The fort is on the summit of a ridge of rhyolite at an altitude of approximately 800 ft and is enclosed by a single rampart, with more complex works protecting a smaller fortified area at the western end. The northern side of the ridge is steep enough to offer a natural defence meaning that no outer wall was needed for the first phase of construction. The smaller fort was built inside the western margins of the larger fort sometime around the 4th century BC; it was completely enclosed, and defended by thick stone walls on all sides, with defensive ditches running along the eastern and north-eastern boundary and a defensive outwork to the southeast. The site has a commanding position overlooking Conwy Bay, and is situated close to a major trackway that follows the coastal ridge. The total area of the fort is 7.5 acre, it is roughly 326 m long, and at its widest measures around 95 m from the southern ramparts to the cliffs on the northern boundary.
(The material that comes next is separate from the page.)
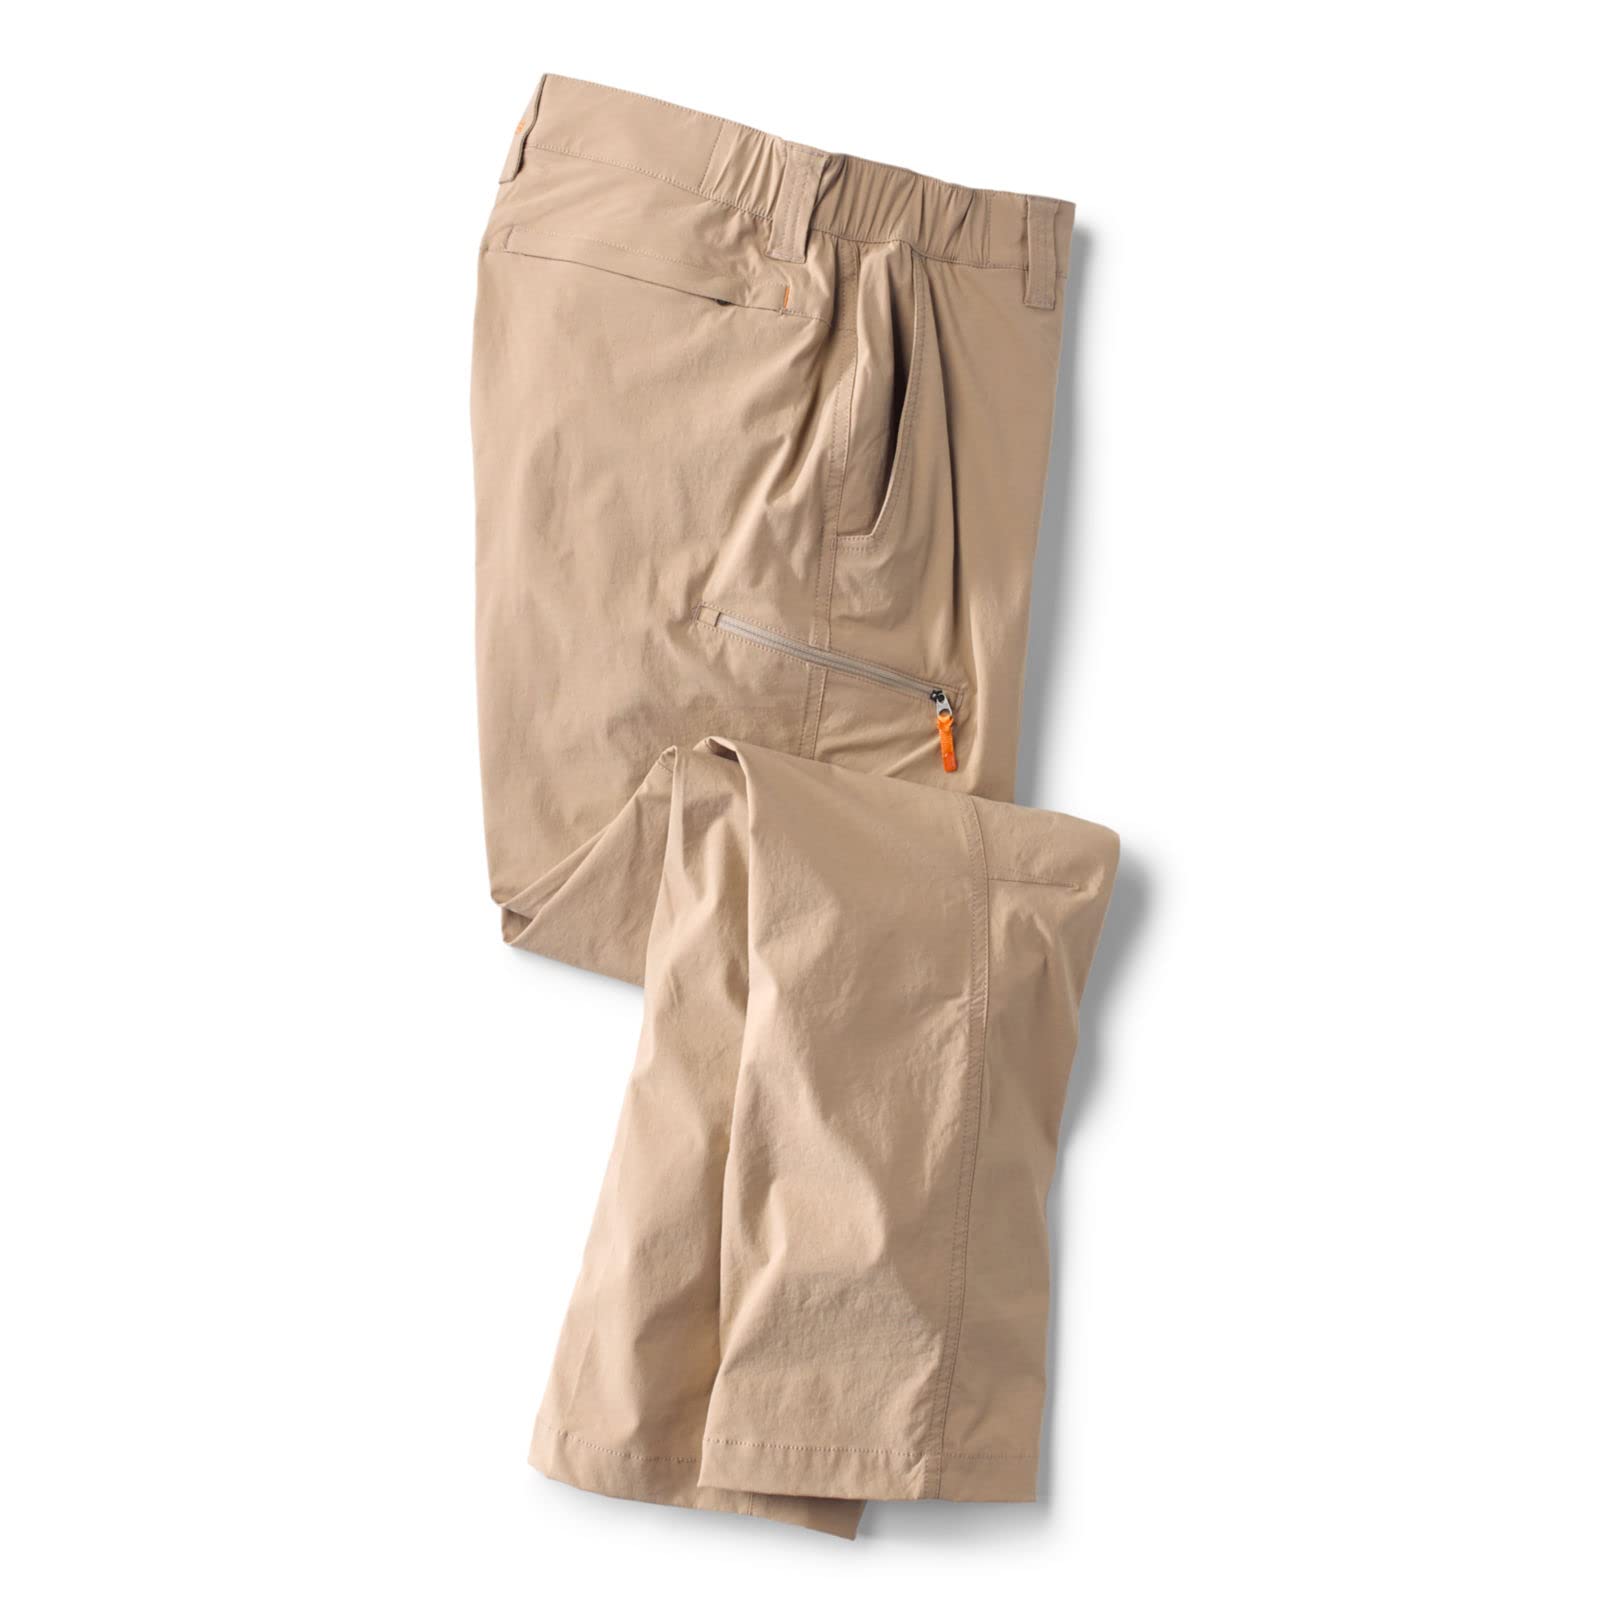 Amazon Shoppers Love These Lightweight Cargo Hiking Pants

==Confusion surrounding name==

Writing in Archaeologia Cambrensis, W. E. Griffiths and A. H. A. Hogg identify 'Caer Seion' as the older and more genuine name of the hillfort, for which they cite evidence dating as far back as the 9th century. The alternative name 'Castell Caer Lleion' seems to date to the late 17th century and probably came about due to a mistranslation. Indeed, 'Castell Caer' is somewhat of a tautology, translating into English as "Castle Fort". Because there is no standardised name for the site, it is referred to variously as 'Caer Seion', 'Castell Caer Seion', 'Castell Caer Lleion', 'Castell Caer Leion' and 'Conwy Mountain hillfort'. An antiquated name, no longer in popular use but recorded by John Leland in his 1530s Itinerary in Wales, is 'Sinnodune'.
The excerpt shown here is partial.